The cracks in my voice.
The tension in my jaw.
The way I’m barely holding myself together.
He reads the storm I haven’t even named out loud.
“Then let me catch you.” His voice is quiet, steady. “Like I did the moment you fell into my life.”
I freeze.
From the moment I stumbled into his world, I haven’t been the same. And I hate how true that feels.
I’m always the one in control.
The one who stays grounded, who keeps her distance, who knows better. But Alex makes everything feel untethered. Out of rhythm. A song progression that makes absolutely no sense, and all the sense in the world at once.
I’ve been walking a straight line my whole life, and he came in and shook me awake from the catatonic state I didn’t even know I’d been living in.
Until him.
I shake my head, barely clinging to what little control I have left. “It’s not that easy.”
“Maybe it is,” he murmurs, brushing his thumb along the inside of my wrist, a featherlight touch that sets my skin buzzing. “If you’d let it be.”
And that’s the problem.
I want to.
I pull my hand away gently, standing to put distance between us, because if I don’t, I might fall right back into him without a second thought.
“My PR team practically begged me to stay away from you, to distance myself, lay low until the storm passes.”
I let out a sharp breath, pacing toward the window, staring at the city below.
“And my father—” The word feels foreign on my tongue, heavy and wrong, “had the audacity to show up at my door, acting concerned, claiming you’re going to destroy me.
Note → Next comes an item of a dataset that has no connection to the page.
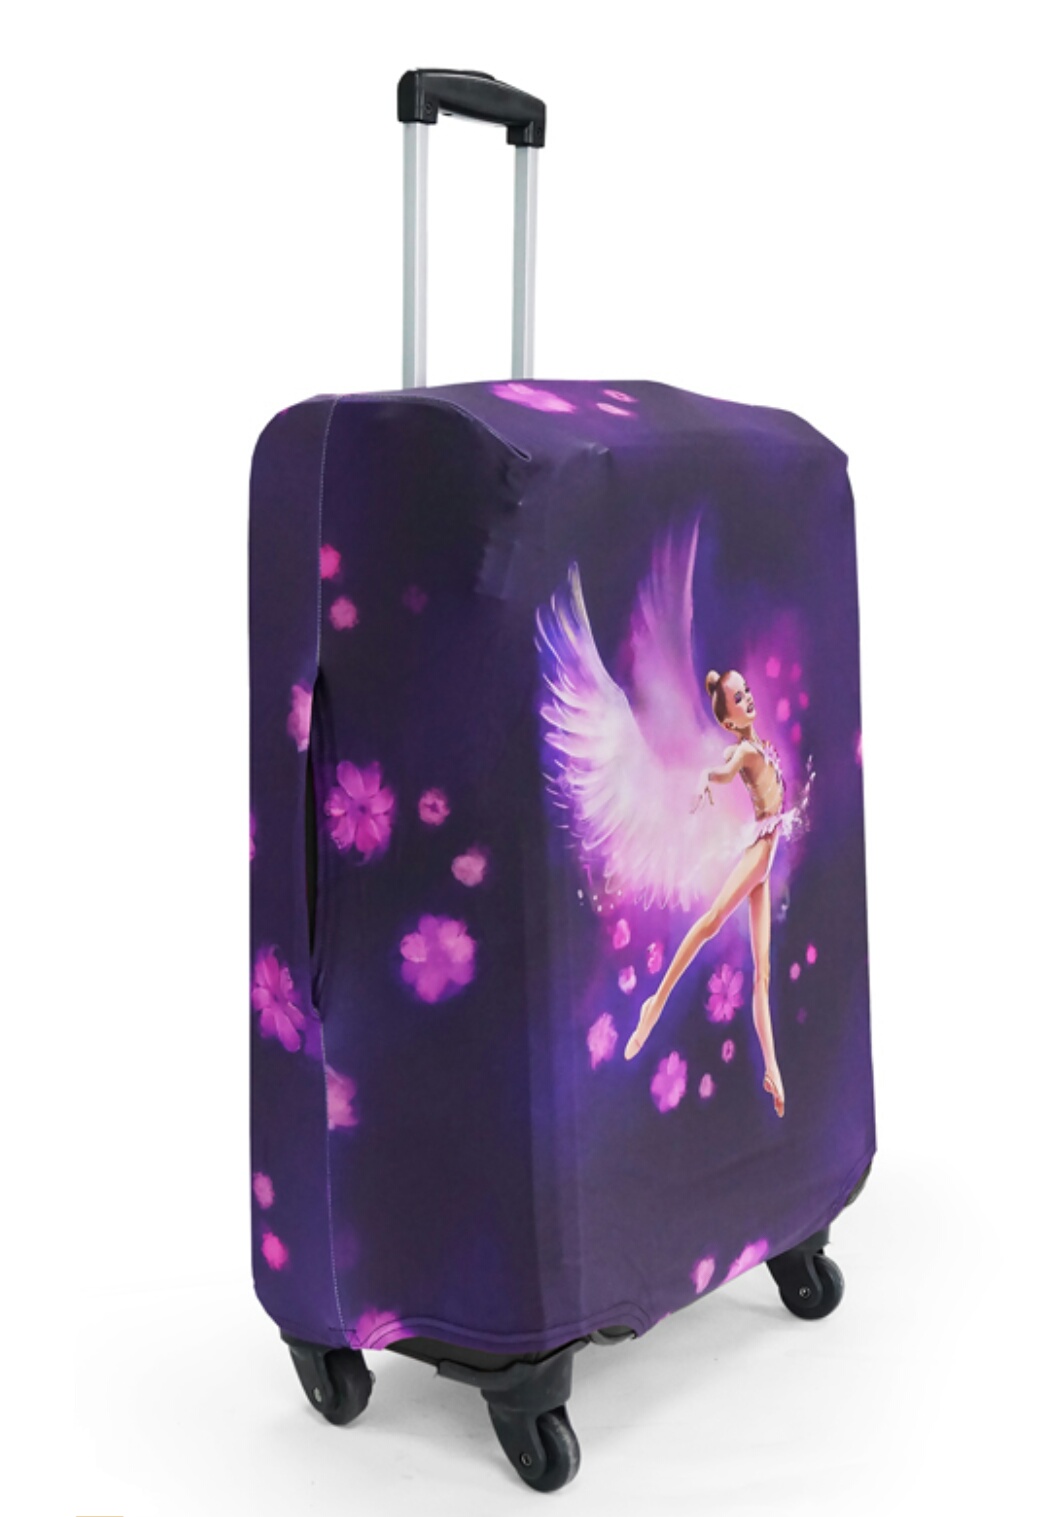 Как определить размер чехла чемодана?

Like he didn’t detonate our entire family first.”
I let out a hollow, bitter laugh, the sound ricocheting off the glass.
“They think I can just flip a switch. Walk away from this. Walk away from you. Like you’re some phase I’ll get over.”
Alex leans forward, resting his elbows on his knees, watching me like I’m something fragile.
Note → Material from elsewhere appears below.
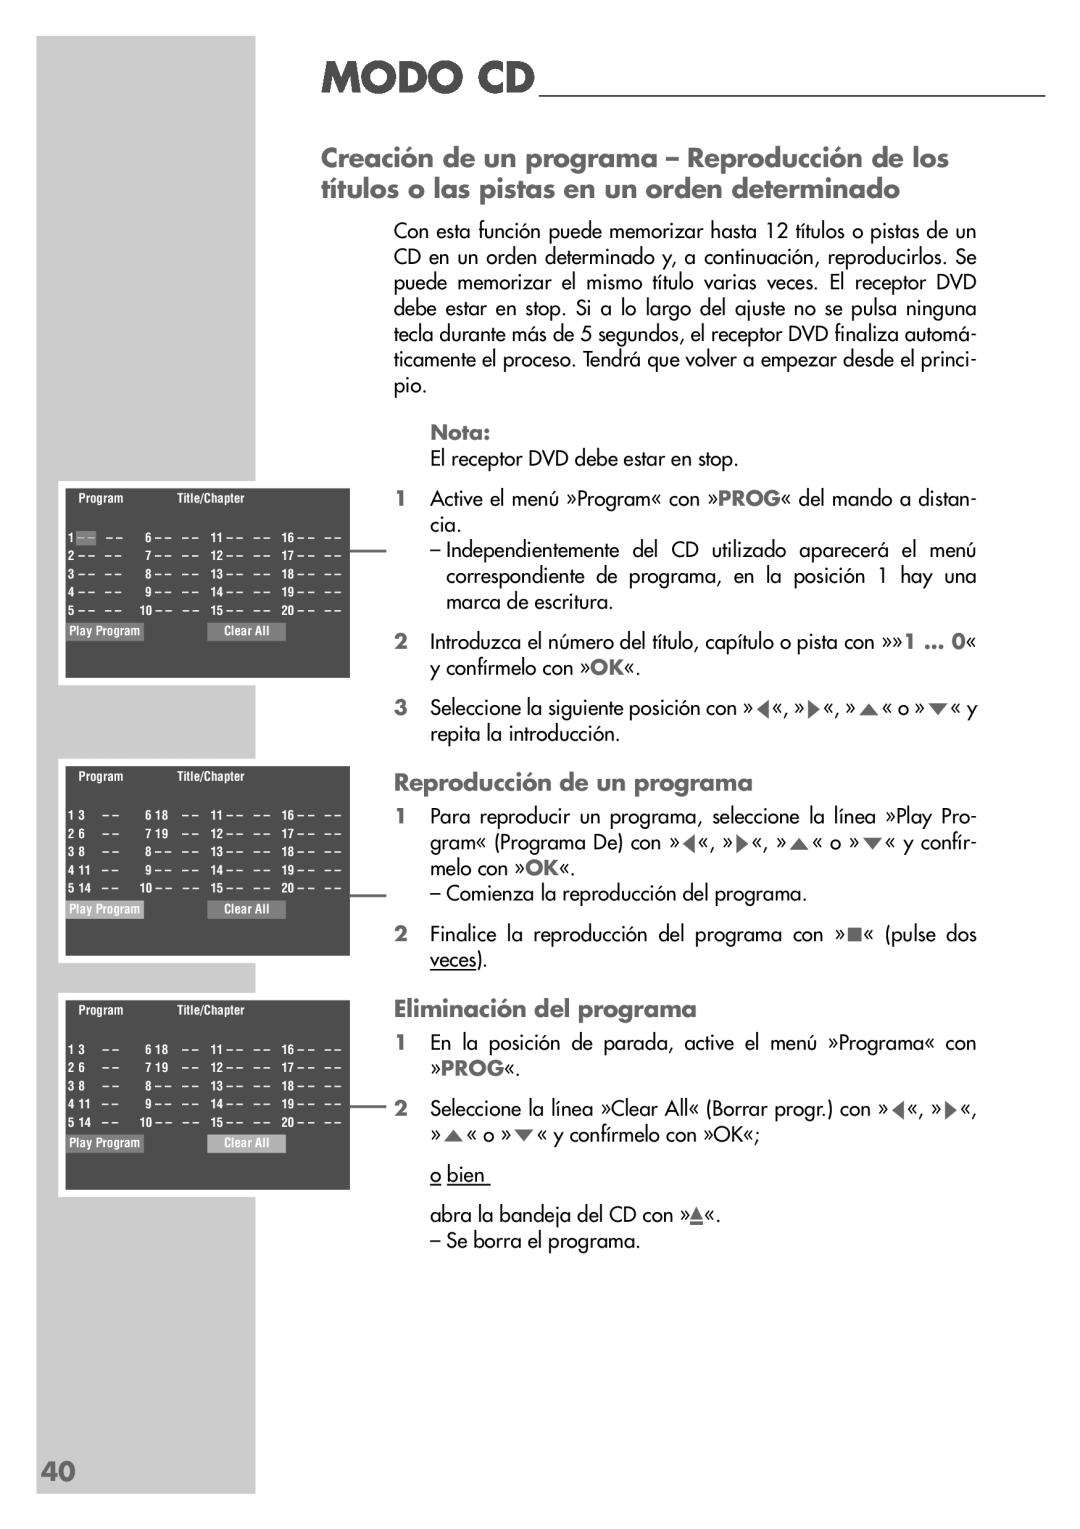 Grundig DR 5400 DD manual Reproducción de un programa, Eliminación del programa

“And what do you think?” he asks, voice low, careful.
I hesitate, chewing my bottom lip, my heart pounding so loud I’m sure he can hear it.
Every nerve in my body screams at me to say what I feel, even if it ruins me.
“I don’t know,” I whisper.
“Elena,” he says, his voice unraveling at the edges. “I would destroy the whole fucking world for you.”
He stands, stepping closer, eyes locked on mine, daring me to look away.
“If it meant taking you back to that cabin, keeping you there—just us—I’d do it. I’d never let you leave.”
My breath catches. My chest aches from how badly I want to believe him.